I use it for freaking everything. And it gets to be way too much. I find myself getting annoyed when I see others obsessed with and absorbed by by their devices, and I realized that it’s because I know I do the exact same thing.

These are the ways I want to change my relationship with my phone:

  1. It is a tool; it is not the boss of me and it should not dictate what I do all day long.
  2. There are other devices that can be used for certain things. I can listen to podcasts on the Alexa in my kitchen. I can check e-mail on my computer. That’s still using technology – but it breaks the pattern of using my phone for anything and everything, which contributes to my feeling that I need to have my phone within arm’s reach at every second.
  3. Which brings me to – I do not want to have my phone within reach at every second. Too often, I find myself absorbed with something on my phone when I’d rather be fully present with my boys. And it’s often accidental – I glance down at my phone to check the time, and I see a text or an e-mail, something that has to be dealt with, and then before I know it I’m taking care of something that really could be dealt with later.
  4. There are better systems that I can implement for staying organized and getting things done. I tend to fall back on systems that DO NOT WORK – like setting alarms on my phone to remind me to do something. This system has never, ever worked for me, but my phone’s always close by, so when I think of something that needs to get done, I default to old methods. If I change my relationship with my phone, I believe new and more effective methods can be implemented.

The biggest reasons I want to change things up are actually my two biggest buzz words of late: intention and mindfulness. 

If I want to listen to a podcast while I unload the dishwasher and the boys play, that sounds lovely – as long as it’s done intentionally. The thing that bothers me most about my phone is that I often end up reading an article or going down a social media rabbit hole WITHOUT EVEN REALIZING IT’S HAPPENING. I can read an article on my phone. I can read an ebook on my phone. I can Face Time, or text, or WHATEVER – but it really bothers me when this all happens in a mindless and unintentional way, as if my phone is stealing away minutes and hours of my life without my even realizing it.

Which relates directly to the mindfulness aspect of it all. For years, I’ve been working on improving my ability to be mindful and present. When I am constantly checking my phone and multi-tasking, I’m not fully present in my day-to-day life.
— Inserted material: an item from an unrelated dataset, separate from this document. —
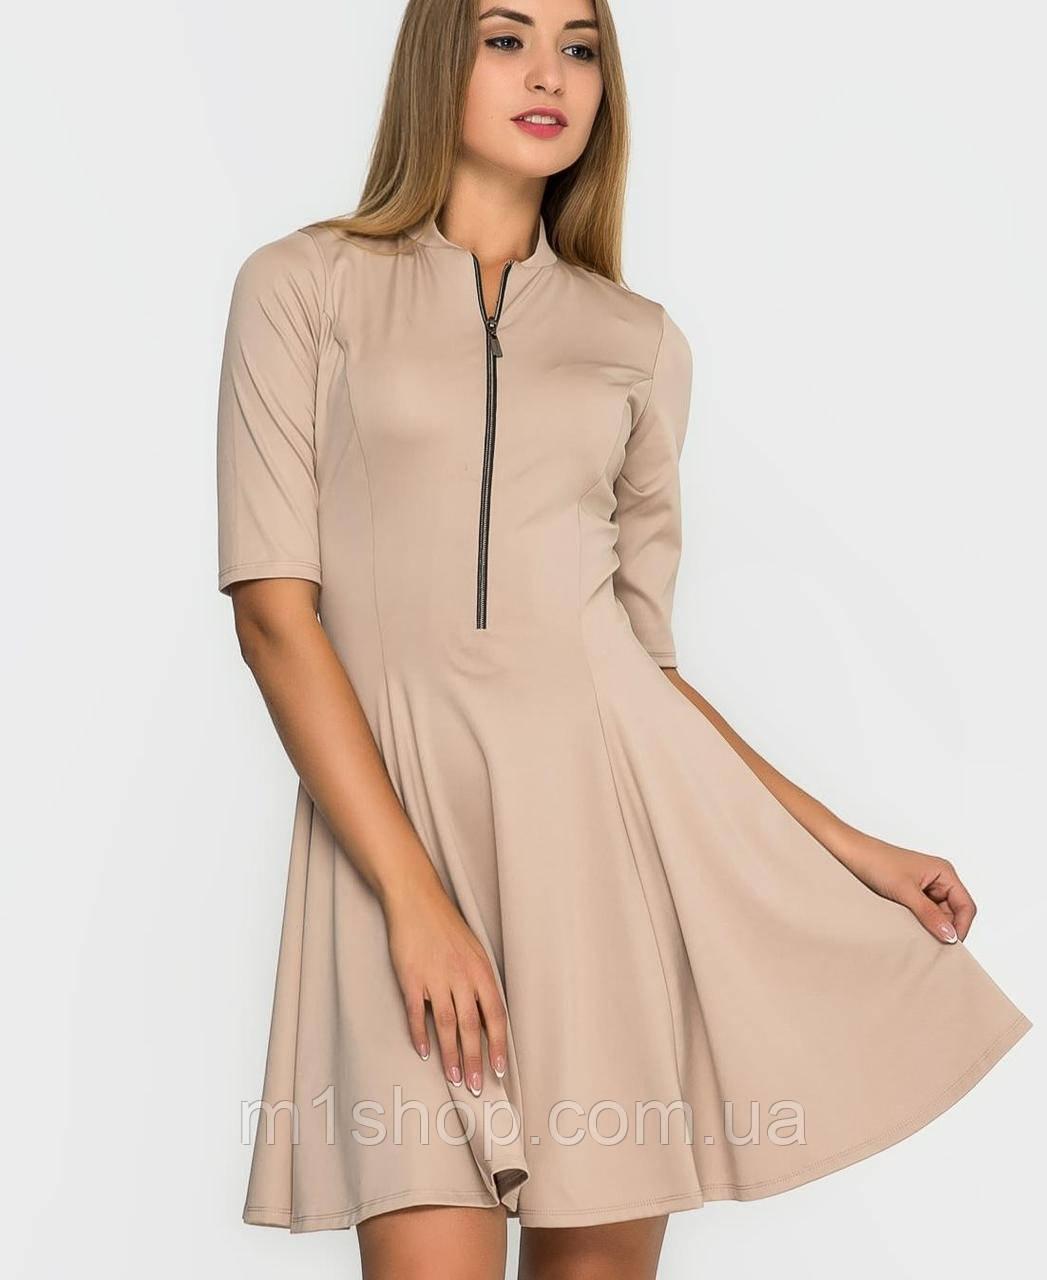 Женское расклешенное платье (Lorin sk)

It’s September 2020, and I have a new phone, an awesome new Otterbox Defender case, and the following new habits:

  • My phone will be plugged in on the kitchen counter while I’m in bed sleeping. No more checking social media as I’m falling asleep at night or immediately when I wake up in the morning.
  • My phone will be plugged in on my nightstand during the day. I’ll have the ringer on in case Tamara calls, and I’ll check it periodically when I decide to check it.
  • I’m going to try my best to diversify and use other devices (Alexa, laptop, iPad) for some of my entertainment or productivity needs. (My goal here is just to shift my total reliance on the phone for everything, so that it’s easier to set it aside and know that I can still get things done that need doing.)

It is going great so far, and it feels really good to be making this change. NEW YEAR – new phone – new habits! Happy September!